Título: Técnicos criticam uso de álcool em usinas térmicas
Autor: Fabíola Salvador e Leonardo Goy
Fonte: O Estado de São Paulo, 19/05/2006, Economia & Negócios, p. B3

A falta de produto pode frustrar a tentativa do governo de trocar o gás natural por álcool nas usinas térmicas. A troca, que reduziria a dependência do País em relação ao gás boliviano, está sendo testada pela Petrobrás. "No curto prazo não dá para fazer muita coisa. Não temos álcool para atender à demanda adicional, ainda mais se houver necessidade de grandes volumes", afirmou fonte do Ministério da Agricultura, que se confessou surpreso com a possibilidade. "Antes de fazer a troca, é preciso saber se o uso do álcool é eficiente e se haverá oferta para as usinas, sem esquecer dos motores bicombustíveis ou movidos a álcool."

As termoelétricas movidas a gás natural desempenham um papel de reserva de segurança no sistema elétrico brasileiro, aumentando ou diminuindo a produção de acordo com o nível dos reservatórios das hidrelétricas. Quando os reservatórios ficam mais baixos, as termoelétricas geram mais energia. Em 2005, as hidrelétricas foram responsáveis por cerca de 85% da energia elétrica gerada no País; as térmicas a gás responderam por apenas 4%.

A troca de gás por álcool nas termoelétricas pode criar um novo problema para o governo. Ainda não há um marco regulatório claro para o setor sucroalcooleiro e, desde a mais recente crise de preços, em janeiro, não evoluíram as propostas avaliadas pelo governo para regularizar o mercado na entressafra de cana-de-açúcar. Desde o auge da crise, em março, quando o litro do álcool hidratado chegou a R$ 1,24 e o do anidro a R$ 1,21, a postura do governo tem sido a de esperar o recuo dos preços.

A antecipação da moagem amenizou o problema. Na semana passada, os preços fecharam a R$ 0,96 (anidro) e R$ 0,85 (hidratado), segundo o Centro de Estudos Avançados em Economia Aplicada (Cepea) da Universidade de São Paulo (USP). Isso esfriou também a urgência do governo em colocar em prática medidas para impedir que a crise se repita na entressafra.

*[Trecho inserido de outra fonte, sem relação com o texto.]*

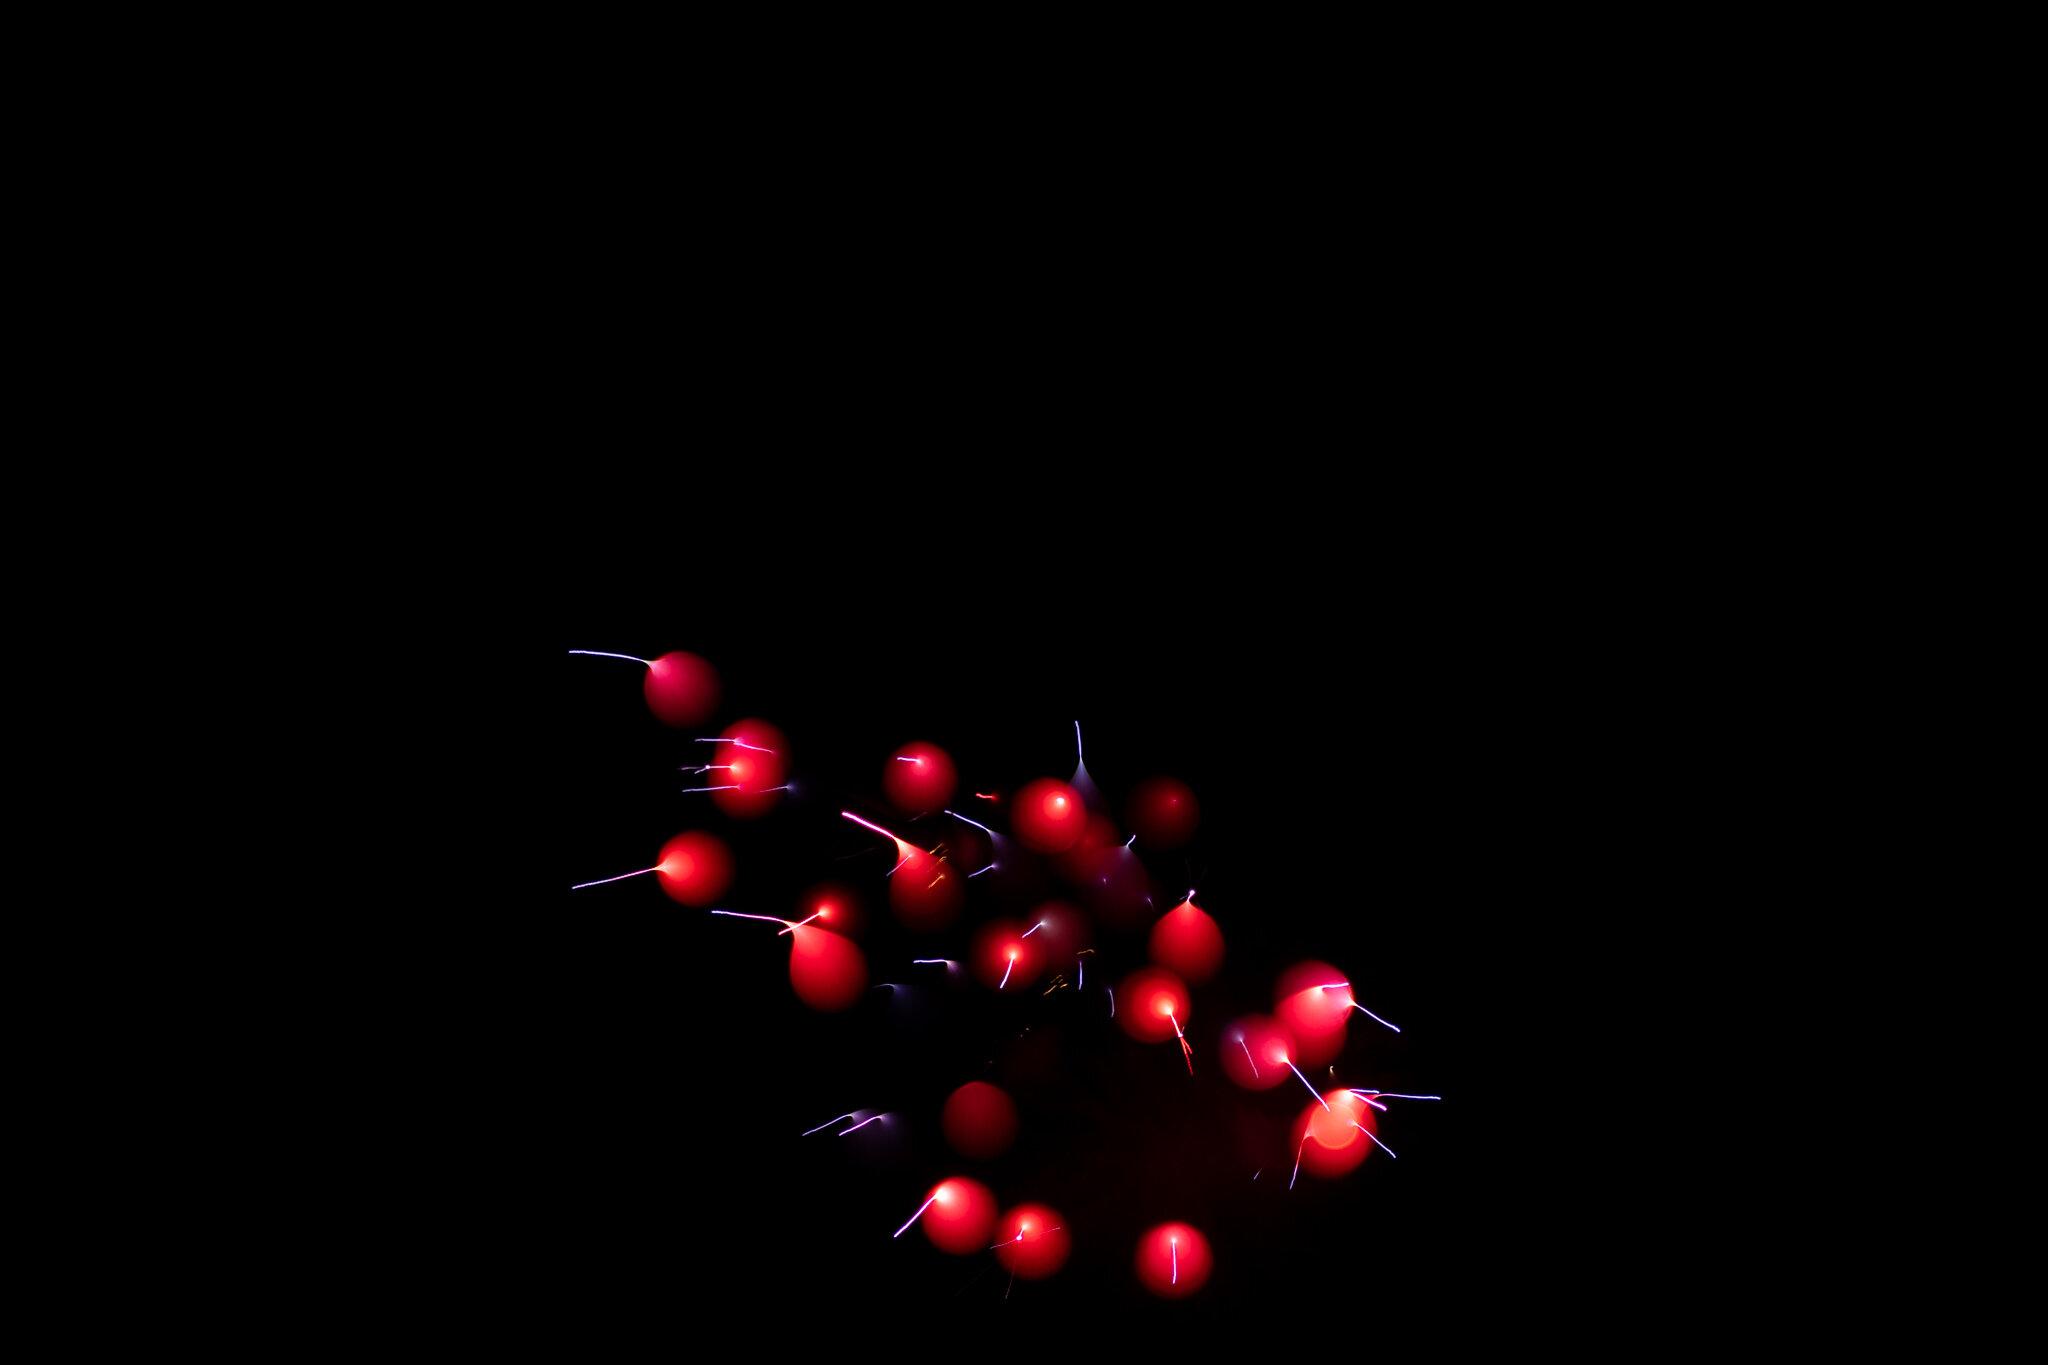 focuspulledfireworks-39.jpg
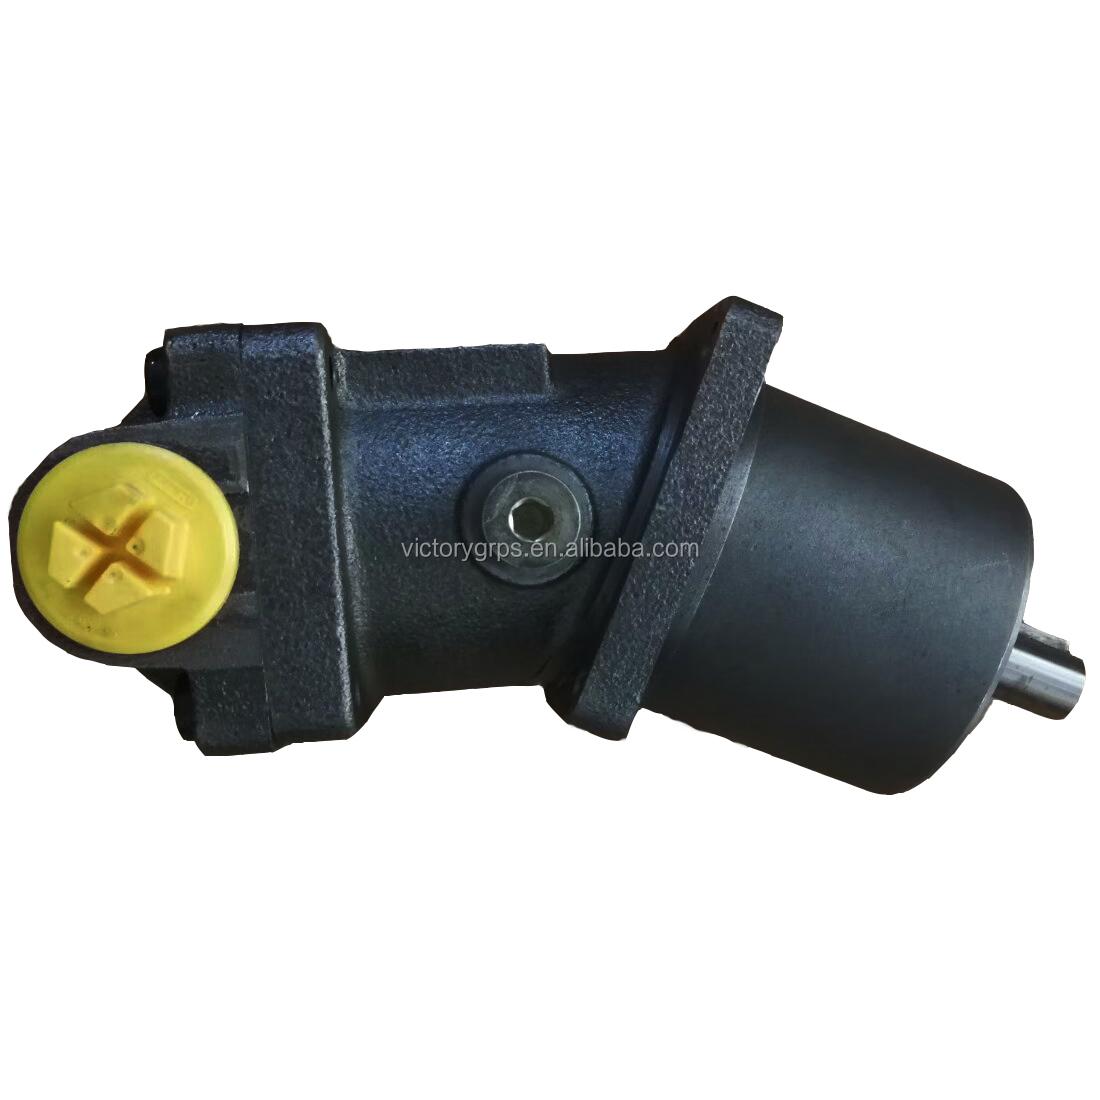 Hydraulic Brueninghaus Hydromatik axial Rexroth A2F5/60L-C7 A2F5/60L-B7 A2F5/60R-C7 9404452 A2F5/60R-B7 A2F5 Pump Motor

O senador Rodolpho Tourinho (PFL-BA), ministro de Minas e Energia no governo passado, avalia que, sem medidas estruturantes, uma nova alta de preços é quase certa no ano que vem. "Nada indica que escaparemos de ter outra crise no álcool, principalmente se as condições forem as mesmas e se não houver um estoque regulador."

O ministro de Minas e Energia, Silas Rondeau, afirma não fazer previsões para o ano que vem. Mas garantiu que, do ponto de vista das providências, "tudo que está ao alcance de uma gestão responsável está sendo feito".

"A partir do próximo ciclo (da cana-de-açúcar), tenho uma expectativa extremamente otimista de que vamos passar sem maiores percalços." Mas a liberação de recursos para a estocagem parece ter caído no esquecimento. Segundo fonte do Ministério da Agricultura, o assunto "perdeu a pressa", mas o ideal seria ter a linha para estocagem entre junho e julho.

Para o presidente da União da Agroindústria Canavieira do Estado de São Paulo (Única), Eduardo Pereira de Carvalho, a experiência da Petrobrás, para ter sucesso, deve ser acompanhada de um estudo global e estratégico de longo prazo sobre a escolha e uso da matriz energética brasileira. "Não acho que soluções pontuais e apressadas possam resolver o problema. Já fizemos isso no passado e não deu certo."

Carvalho acha a troca interessante, mas ela deve ser avaliada. "É preciso saber que o setor enfrenta a expansão da frota de carros flex, o aumento da produção de anidro e o crescimento de demanda de álcool no mercado externo."

"Não acredito em espasmos. O que eles podem fazer é criar mais problemas para o futuro", concluiu Carvalho.